# Jeannie and Shiva checking in!!



## JeannieNShiva (Mar 15, 2004)

Heylo Everybody!

Me and my little one year old grey tabby (her birthday is on April 1st) Shiva just want to say come in and say hello to everyone.

We originally posted in the behavior forum becuase Shiva is too fond of my 3 year old and protects her from evil Roxanna (my not so evil best friend, but in Shiva's eyes shes evil).

So we hope to learn a lot here and make lots of other kitty friends.

Shiva and I are in the banner in the siggy.


----------



## faile (Sep 14, 2003)

shiva- hindu god of destruction, right?


----------



## Superkitties (Jan 30, 2004)

Welcome! Aww, pretty kitty. Hope you find the answers you need here.


----------



## kitkat (Sep 22, 2003)

Welcome to the forum, and cute kitty too! :wink:


----------



## JeannieNShiva (Mar 15, 2004)

Thanks  

I actually named her Shiva after the Final Fantasy video games.... lol

I just thought it was an awesome name. Although my little shiva does like to destroy things. Paper, Rolls of Toilet Paper, Rolls of Paper Towels. Those seem to be her favorites. Oh and this book shelf we have.. She loves the scratch the he** out of that.

So I guess that does match her.  

I actually let her choose her name between that and Luna. She didnt really like that one. Luna was from Sailor Moon . :lol:


----------



## Aonir (Aug 18, 2003)

Welcome to Cat Forum!

My name is Rinoa backwards, from FF8 
I want a black cat to name Luna lol, and a white one to call Artimus!


----------



## JeannieNShiva (Mar 15, 2004)

I love FF8  

Rinoa is one of my fave charachters from that game. Very cool  

I want a black cat named Luna too and a white one names artemis as well!! Although I would have to resist trying to dye a cresent moon on their foreheads.


----------



## Mike (Jan 27, 2004)

Hi Jeannie n Shiva! Welcome to a wonderful forum.

Peace,
Mike


----------



## JeannieNShiva (Mar 15, 2004)

Thanks Mike!! Cute Kitty!!


----------



## JeannieNShiva (Mar 15, 2004)

Aww thanks!

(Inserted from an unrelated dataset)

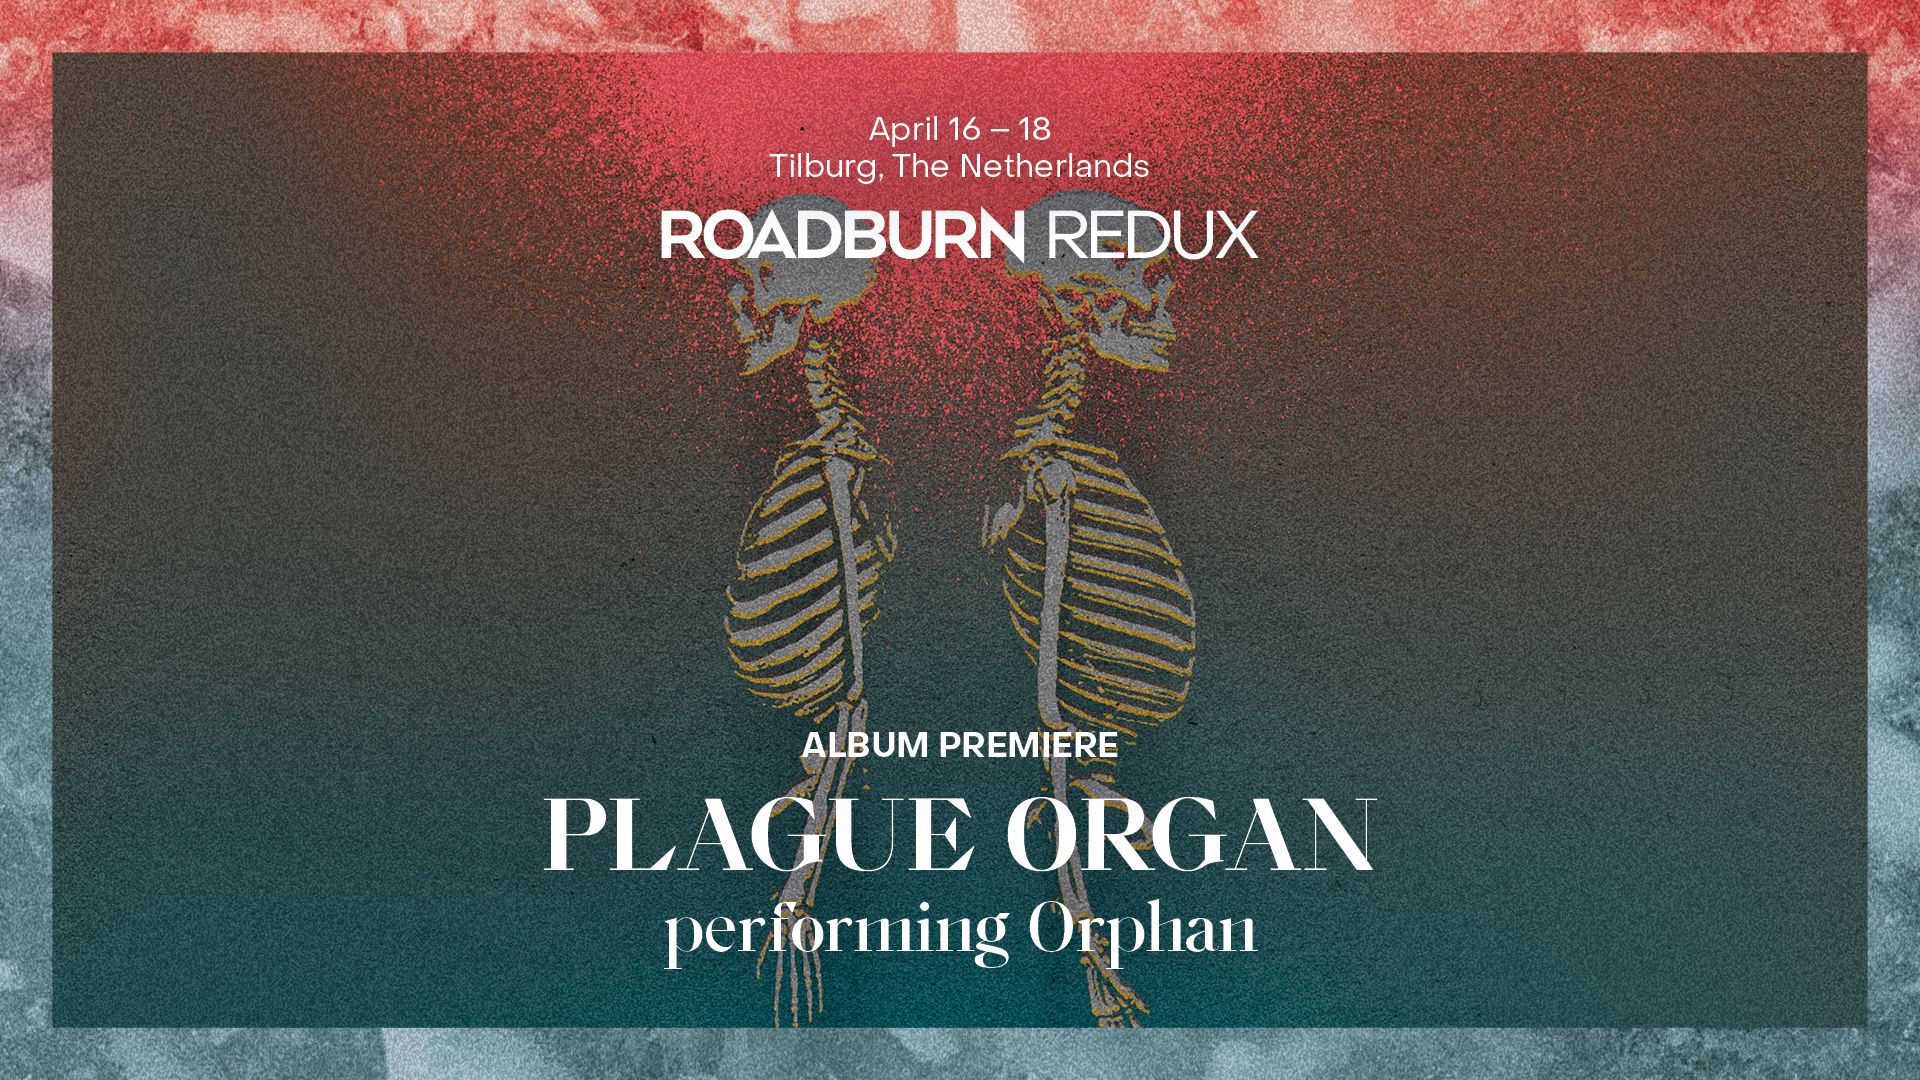 Roadburn & LGW present: Plague Organ performing Orphan as part of Roadburn Redux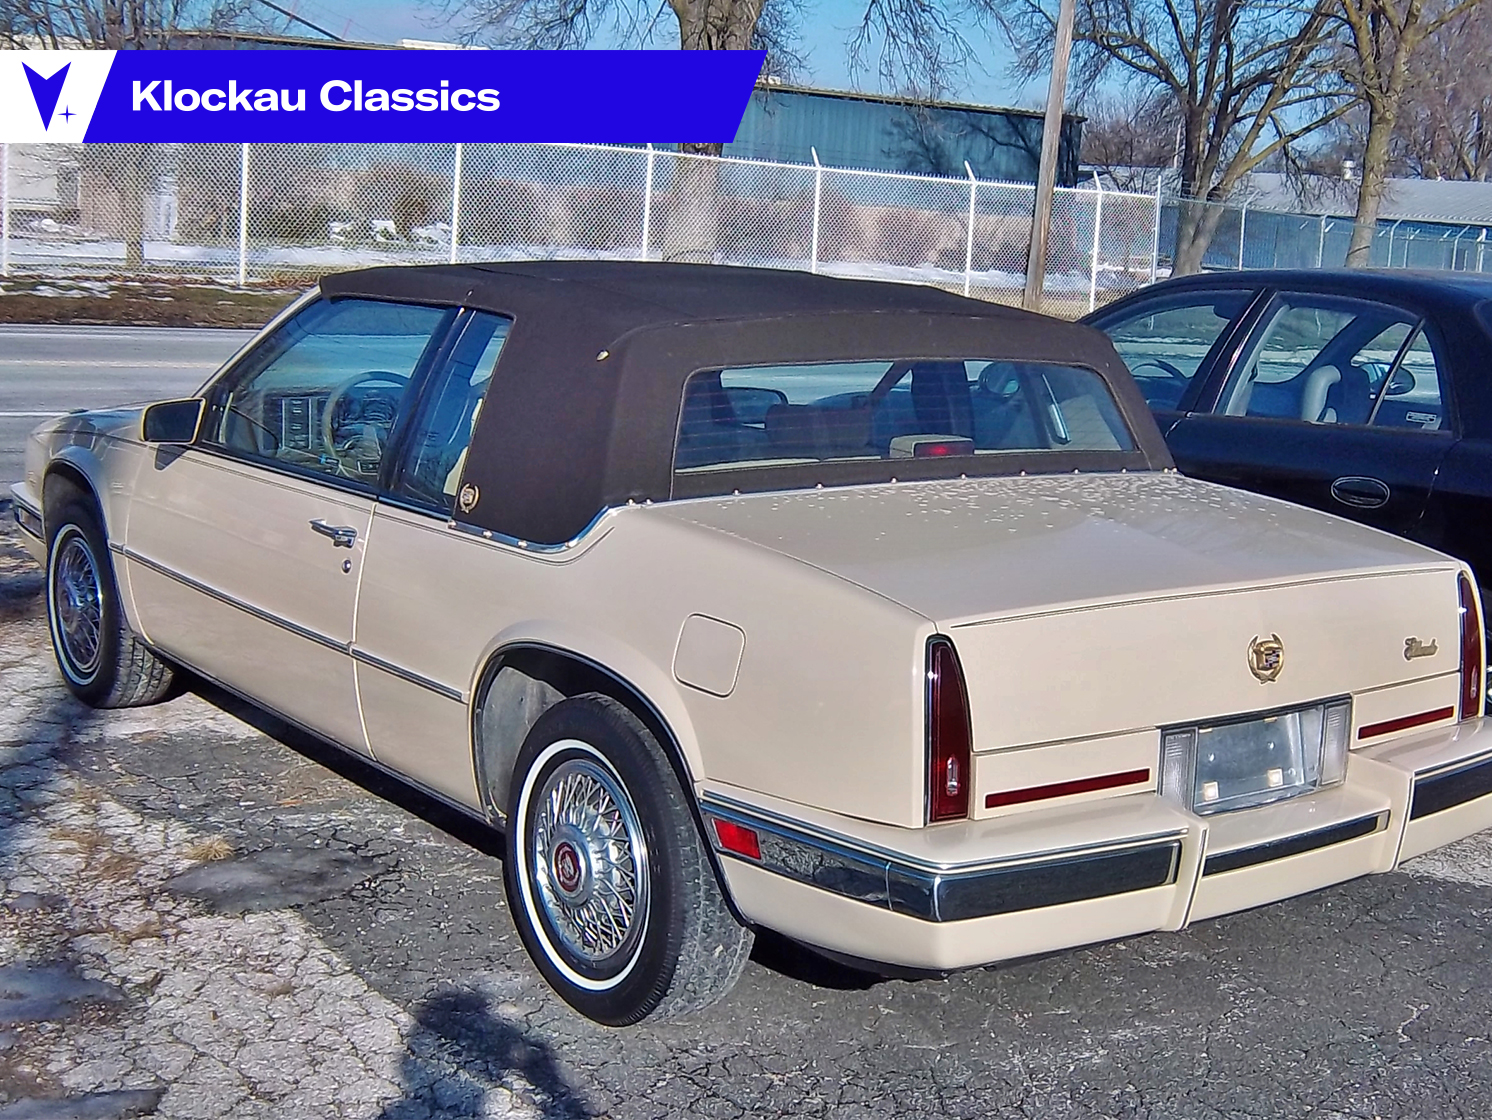 1986 Cadillac Eldorado: There was shrinkage! - Hagerty Media

Is the grey kitty in your avatar yours?


----------



## Jeanie (Jun 18, 2003)

Welcome. Shiva is a lovely cat.


----------



## catmadAZ (Feb 27, 2004)

Welcome jeannie and shiva  
you will have a great time with uz mad lot :lol: 

great sig too, shiva is beautiful


----------



## karaokekat (Jan 14, 2004)

Welcome Shiva and Jeannie! I am big into the Final Fantasys too, but the cat I named came from LOTR... lol

(Gandalfs full name is Gandalf the Girl... started out Gandalf the grey until we figured out "he" was a she... lol)

I love your sig Jeannie and Shiva.... beautiful!


----------